ATM, a member of the phosphatidylinositol 3-kinase-related kinases (PIKKs) superfamily, is a serine/threonine protein kinase critical in orchestrating cellular responses to DNA double-strand breaks. Upon recognition of broken DNA, ATM coordinates a canonical DNA damage response, including slowing down of cell cycle passage, repair of the break and apoptotic death if damage cannot be repaired [25]. However, recent work emphasizes that ATM activation triggers a transcriptional program going beyond classical repair responses [26, 27]. Spontaneous T cell hyperactivation, unrestricted clonal expansion and excessive production of pro-inflammatory cytokines has been reported for mice deficient in the DNA repair cofactor ATM Interactor (ATMIN) [28]. ATMIN holds a key position in ATM-mediated signaling pathway choices [29]. DNA-damage induced signal transduction is critically important in T and B cell development, guiding the repair of programmed DNA lesions [30], but ATM remains a key player in regulating differentiation of peripheral T cells. ATM deficiency is known to reduce mitochondrial quality and interfere with nuclear-mitochondrial signaling [31]. Accordingly, ROS-dependent activation of ATM will impact a spectrum of cellular functions, not only DNA repair.

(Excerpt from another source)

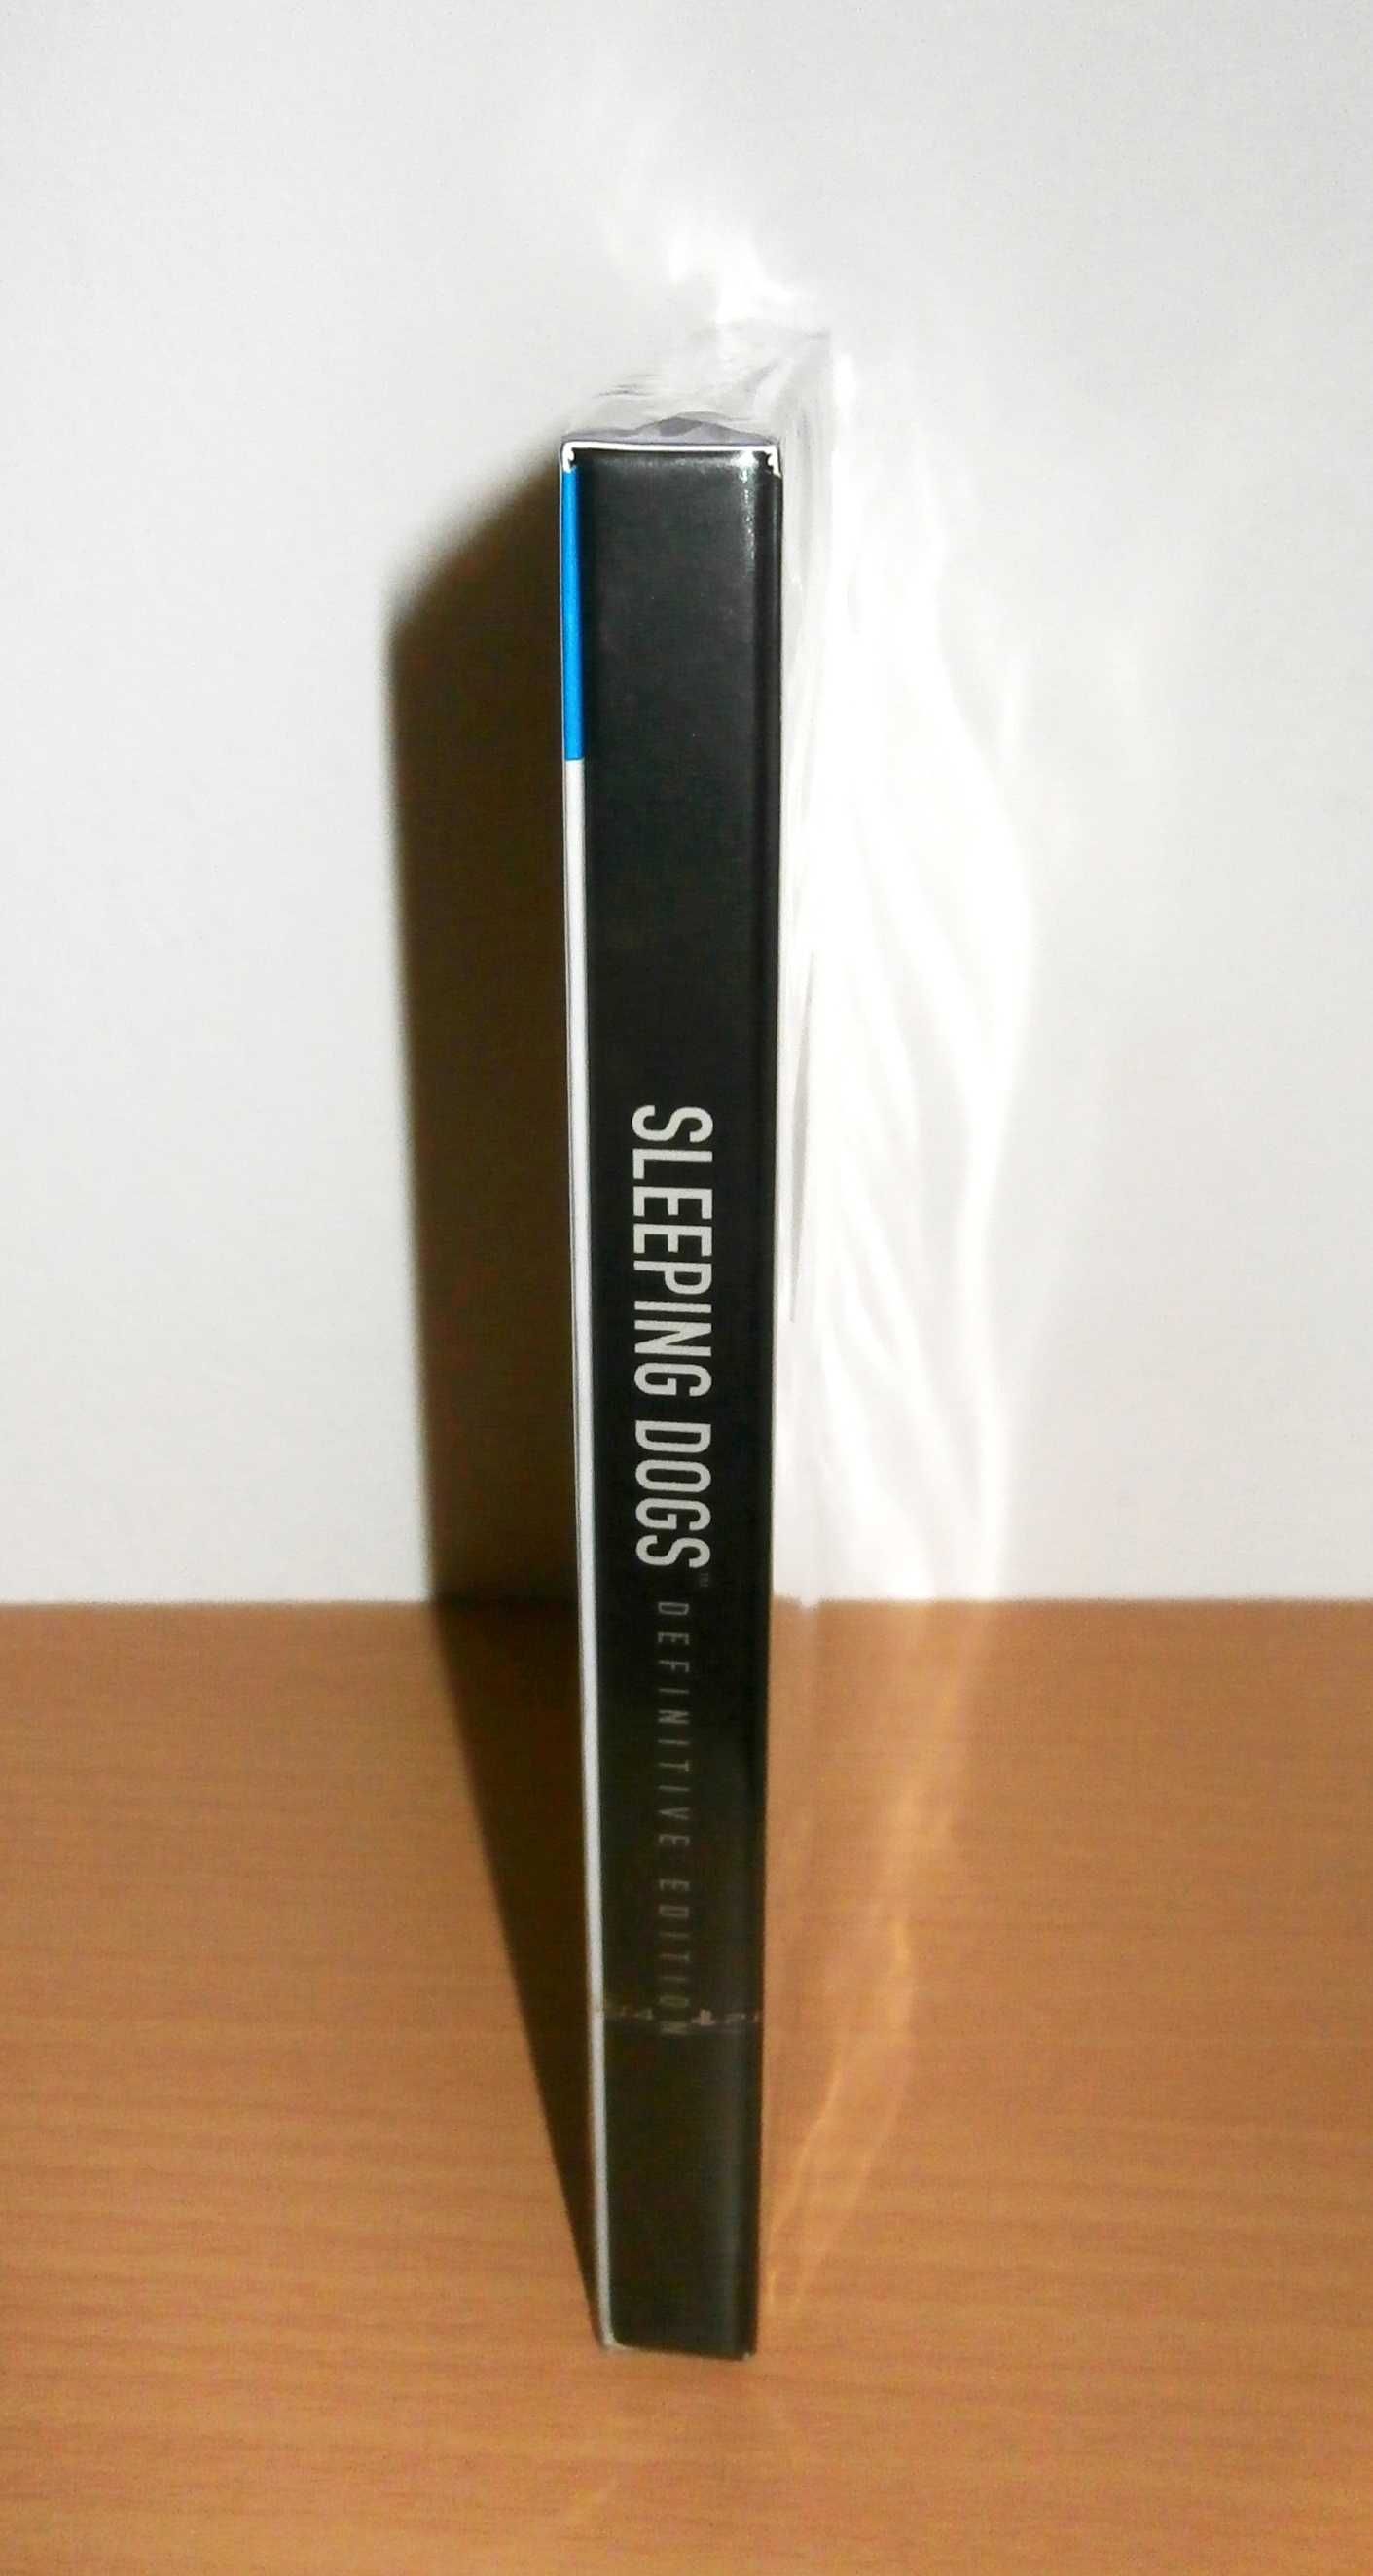 Editie de colectie - Sleeping Dogs Definitive Edition, rara, sigilata

In healthy T cells, TCR-mediated stimulation induces rapid dimerization of the ATM molecule to prepare the molecule for phosphorylation [32]. ROSlow T cells in RA patients that are transitioning from naïve into effector state express lower amounts of ATM transcripts and the phosphorylated form of ATM is barely detectable [12]. The required dimerization of ATM is a typical consequence of oxidation [33, 34]. Thus, ROSlow RA T cells are essentially ATM deficient. Functional consequences include: (1) hyperproliferation, with the majority of cells passing through the cell cycle at a faster speed; (2) bypassing of the G2/M cell cycle checkpoint; and (3) accelerated conversion from the naïve into the memory state [7]. This phenotype of ROSlowATMlow RA T cells is in line with the conventional concept of how DNA damage responses affect the dynamics of cellular division (Fig. 2).
In T cells, cell cycle progression is closely associated with polarization of the cells into functional subsets. Specifically, naïve T cells will differentiate into cytokine-secreting effector memory T cells. T cells producing IFN-γ have been named Th1 cells and together with IL-17–producing Th17 cells are considered pro-inflammatory effector cells. Culture of healthy naïve CD4 T cells in the presence of a ROS scavenger promotes lineage commitment to the Th1 and Th17 subset, whereas IL-4-producing Th2 cells and anti-inflammatory regulatory T cells seem unaffected [12]; phenocopying ROSlow RA T cells, that spontaneously commit to the Th1 and Th17 lineage in much higher frequencies (Fig. 2).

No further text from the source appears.